2-1 重做传输服务(Redo Transport Services–RTS)
在上一篇的1-2节中简单解释了那么主库产生的重做数据即redo如何传输到备库(无论是物理备库还是逻辑备库),这就是此处要讨论的问题:DG重做传输服务(Redo Transport Services–RTS)协调从主库到备库的重做数据传输过程,同时,主库的LGWR进程将重做数据写入到自己的online redo log中。这样解释可能完全不知所云,因此需要一步一步分析解释。由于主库redo传输到备库的方式有两种:一种是主库通过ARCn进程将在本地产生的归档日志传给备库online redo log或是备库的归档地;另一种是主库通过LGWR进程将主库redo log buffer cache redo或是online redo log传输给备库。备库在接收到主库传来的重做数据后开始应用,通过这种方式保持主备库数据同步。以下为Oracle官方文档中对TRS的说明:
Redo transport services control the automated transfer of redo data from a database destination to one or more destinations. Redo transport services also manage the process of resolving any gaps in the archived redo log files due to a network failure.

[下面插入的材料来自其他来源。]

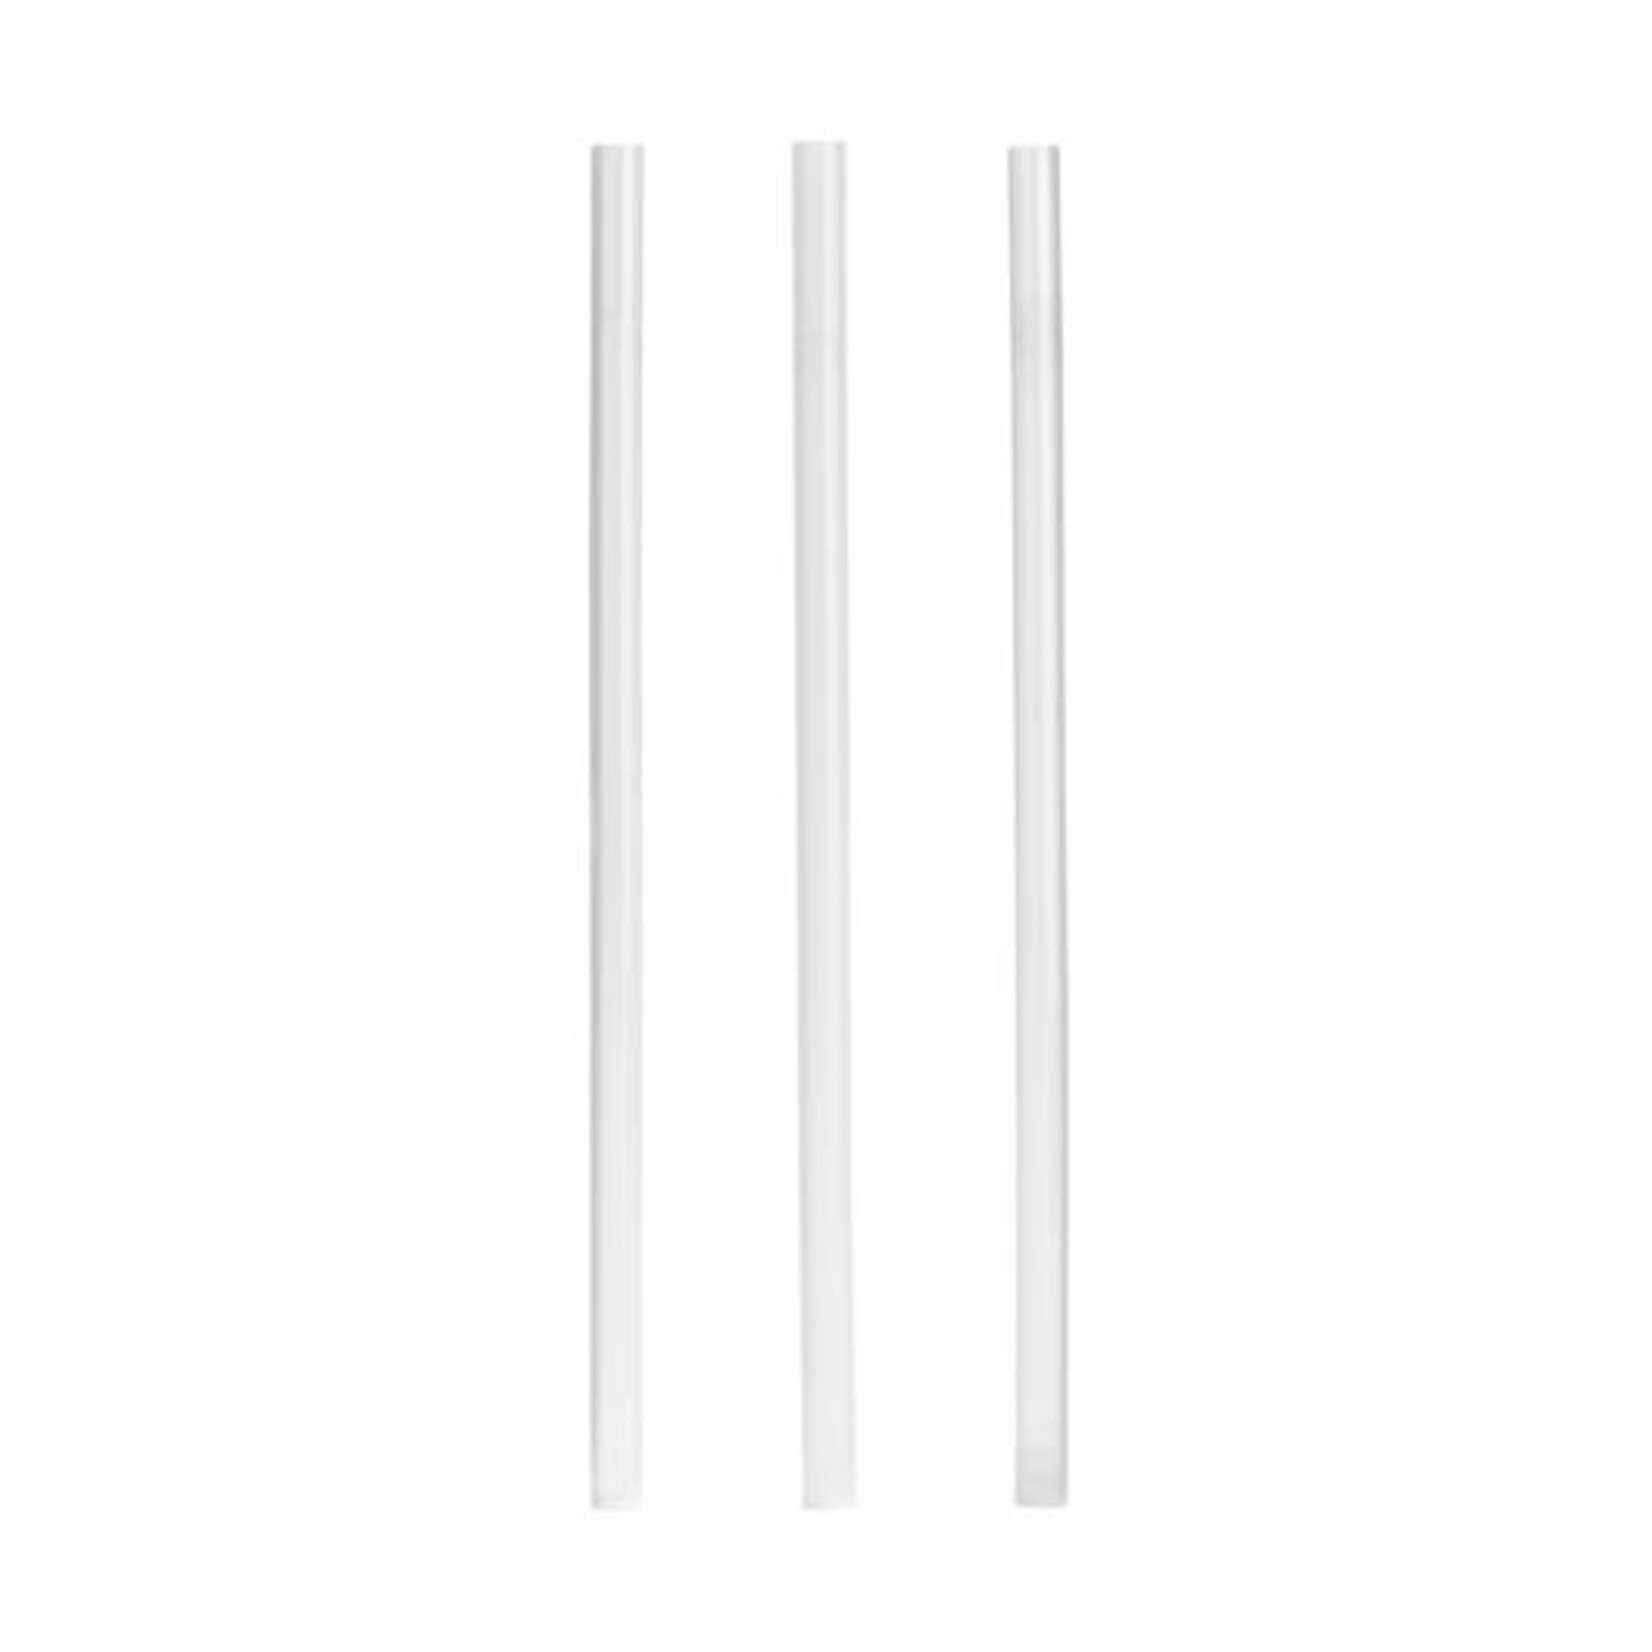 Hydro Flask 3 pack Replacement straws

Redo transport services can transmit redo data to local and remote destinations. Remote destinations can include any of the following types: physical and logical standby databases, archived redo log repositories, Oracle Change Data Capture staging databases, and Oracle Streams downstream capture databases
Figure 5-1 shows a simple Data Guard configuration with redo transport services archiving redo data to a local destination on the primary database while also transmitting it to archived redo log files or standby redo log files on a remote standby database destination.

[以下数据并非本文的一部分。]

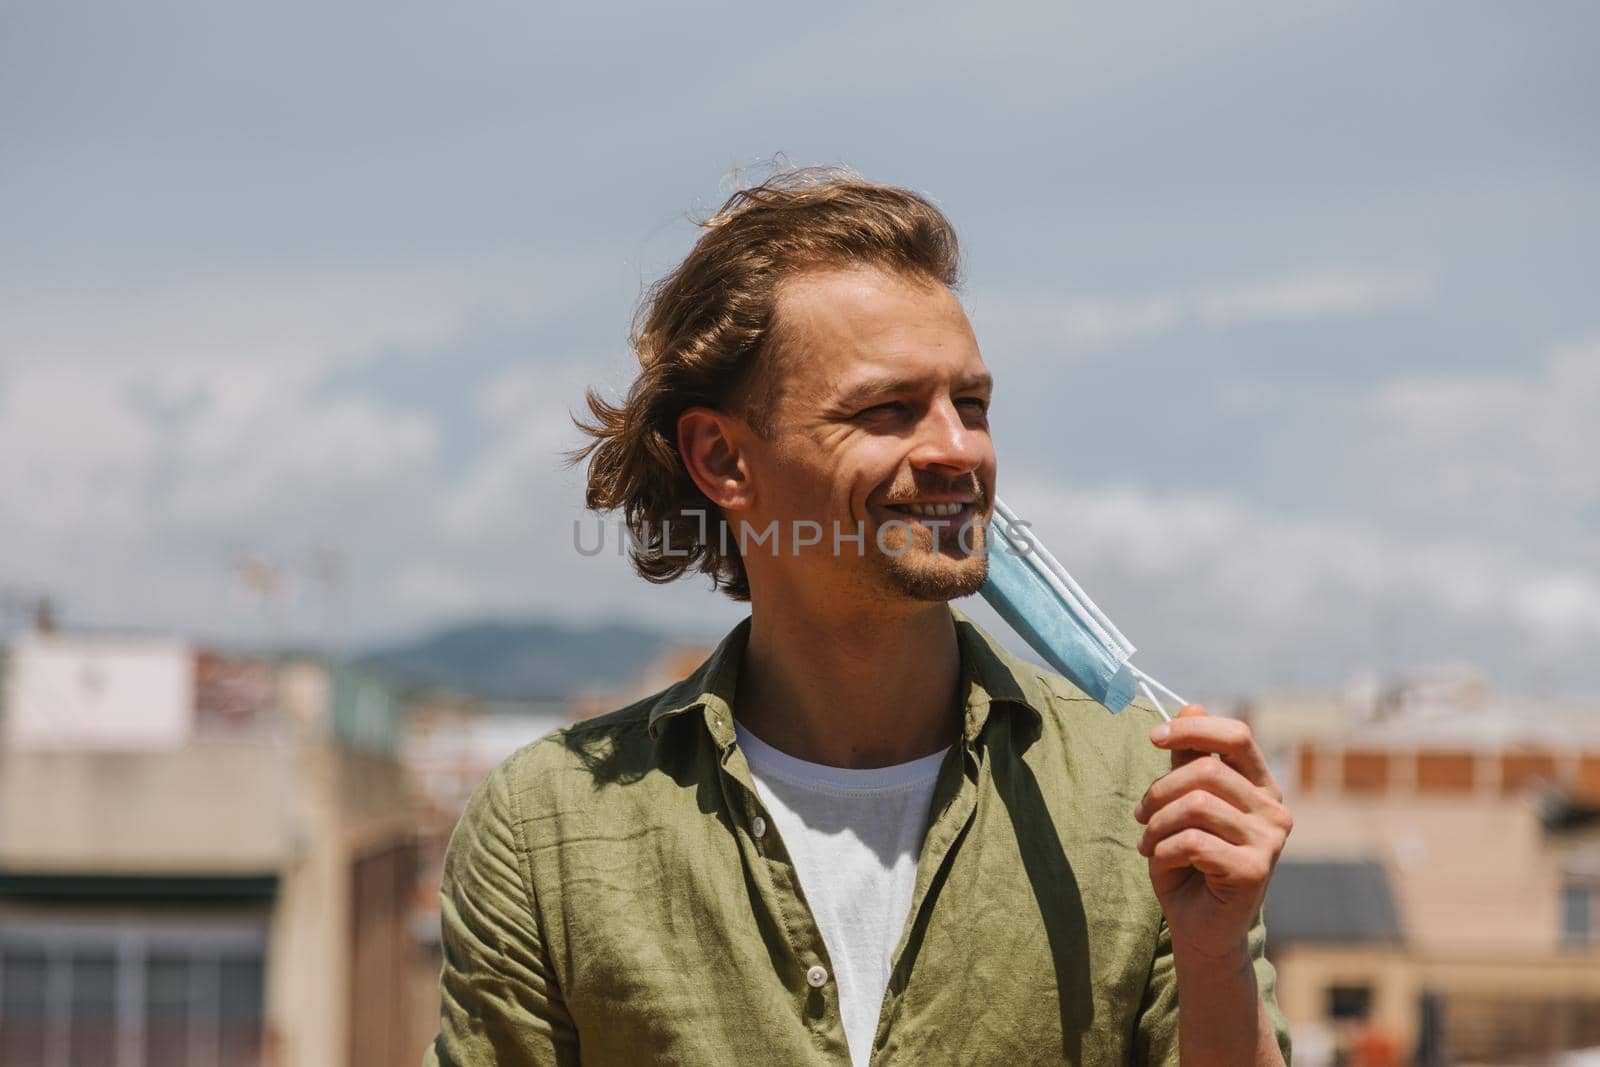 End of coronavirus pandemic. European man is happy to take off medical mask on sunny day with city and sky background. by apavlin

上图简单描述了TRS过程,下面将详细分析其内容原理!
2-2 redo传输原理
按照Oracle DG官方文档内容,这一节本应该是Where to Send Redo Data,其主要讲到三方面:①主库redo应传输到哪里使备库可以应用这些redo,其中主要包括redo传输目的地的类型(Destination Types);②如何传输redo到指定的目的地;③设置闪回恢复区。其中①主要讨论在DG或其他架构数据库环境中RTS所支持的destinations,这其中肯定是支持standby databases的;③主要讲如何在DG环境中使用闪回恢复区。而②是我们要重点解释的部分,在DG环境中,主库生成的redo如何传输到备库,使其应用。因此将这一节改成了redo传输原理,以下为官方文档对redo transport的概要解释:
On the primary database, Oracle Data Guard uses archiver processes (ARCn) or the log writer process (LGWR) to collect transaction redo data and transmit it to standby destinations. Although you cannot use both the archiver and log writer processes to send redo data to the same destination, you can choose to use the log writer process for some destinations, while archiver processes send redo data to other destinations. Data Guard also uses the fetch archive log (FAL) client and server to send archived redo log files to standby destinations following a network outage, for automatic gap resolution, and resynchronization.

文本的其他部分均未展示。